The first two points also strongly hint the tag's rules can create bad mood. As I know that mechanics offered to a user (or player in my expertise5) can induce specific behaviors, I do conclude the tag's current rules plays a major part in those two points. We shouldn't be arguing just because a question has a tag or not. But the fact is, the tag's current rules create quite a bit of not-always justified actions and reactions. Why? Because...
There has been too much focus on the tag
Last but not certainly not least : I think everyone here forgot that tags are not the question's content. It's blindingly obvious when I read answers here. Let's remind what tags are with the help-center :
A tag is a word or phrase that describes the topic of the question. Tags are a means of connecting experts with questions they will be able to answer by sorting questions into specific, well-defined categories.
Tags can also be used to help you identify questions that are interesting or relevant to you.
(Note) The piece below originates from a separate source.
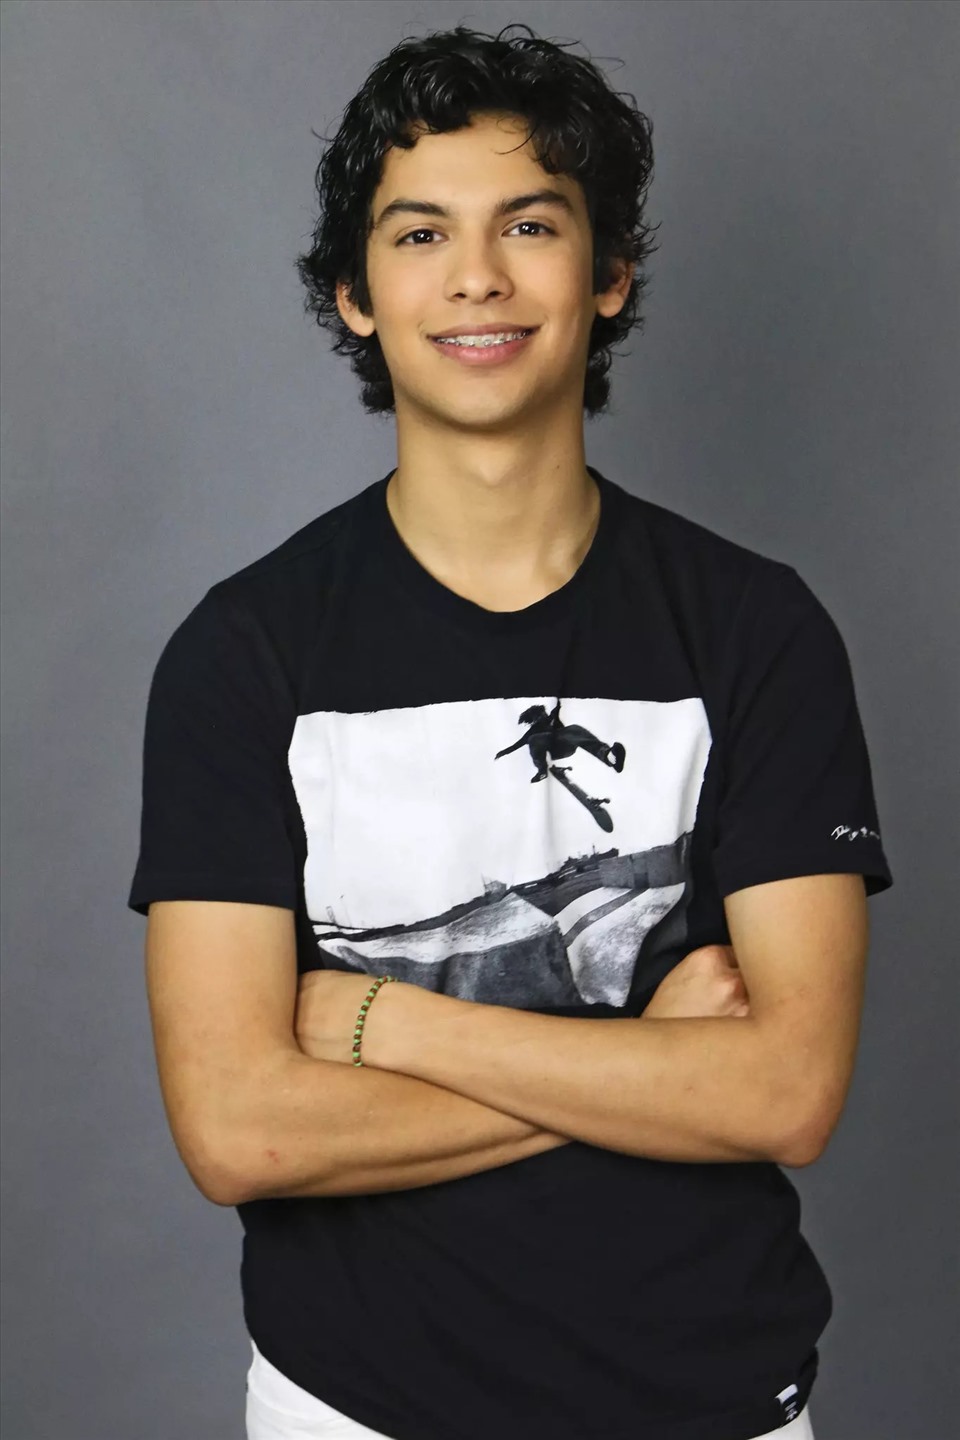 Xolo Maridueña là gương mặt nam diễn viên trẻ nhận được nhiều sự chú ý trong thời gian gần đây. Ảnh: Xinhua

Tags are categorizers first and foremost, with the primary goal of making questions easier to look for. The fact that everyone implied the tag was important enough that they forgot to remind the question's content is the thing to read/review first is the most troublesome issue for me. We tried to create another use of the tags by making it scope the answers. However, from the frequent ruckus I read here and there and the fact that 1/6 questions are not tagged correctly, it just does not work.
So let's cut this oozing wound once and for all with a surgeon's dexterity. While I do find the tag can be used to categorize questions about worlds relying heavily on science, its wiki content is prone to both mistakes and arguments. Let's remove this tag wiki content, but still explicitly allow people to ask questions in the hard science-fiction genre. If they want answers to be backed-up by equations and references, they will have to tell it in their question, not with a single tag.
1 : 23 received at least one downvote (vs 21 in the 50 newest questions). I am not including that data as it's very biased in having one picky-picky user downvoting hard-science questions. Plus, it's expected to have more downvotes on questions with more restrictions. More restrictions means higher standard.
2 : Like daydreaming and nightdreaming. Not that I find this talk utterly pointless, dreaming is just perhaps one of my most favorite activity 🌜🦋.
3 : too lazy to check every comments on the last 50 questions, so I leave that as an overall feeling.
4 : Again, I'm lazy. And with the recent activities on meta's meta, I'm not exactly incited to make any effort either : It's strategically pointless.
5 : A great example of toxicity coming from offered mechanics is the very infamous League of legends, which is very far off from other competitive, team-based games like Team Fortress 2 and its conga dancers and sandwich sharing players. Some -yet incomplete!- explanations for League of legends toxic community can be found here.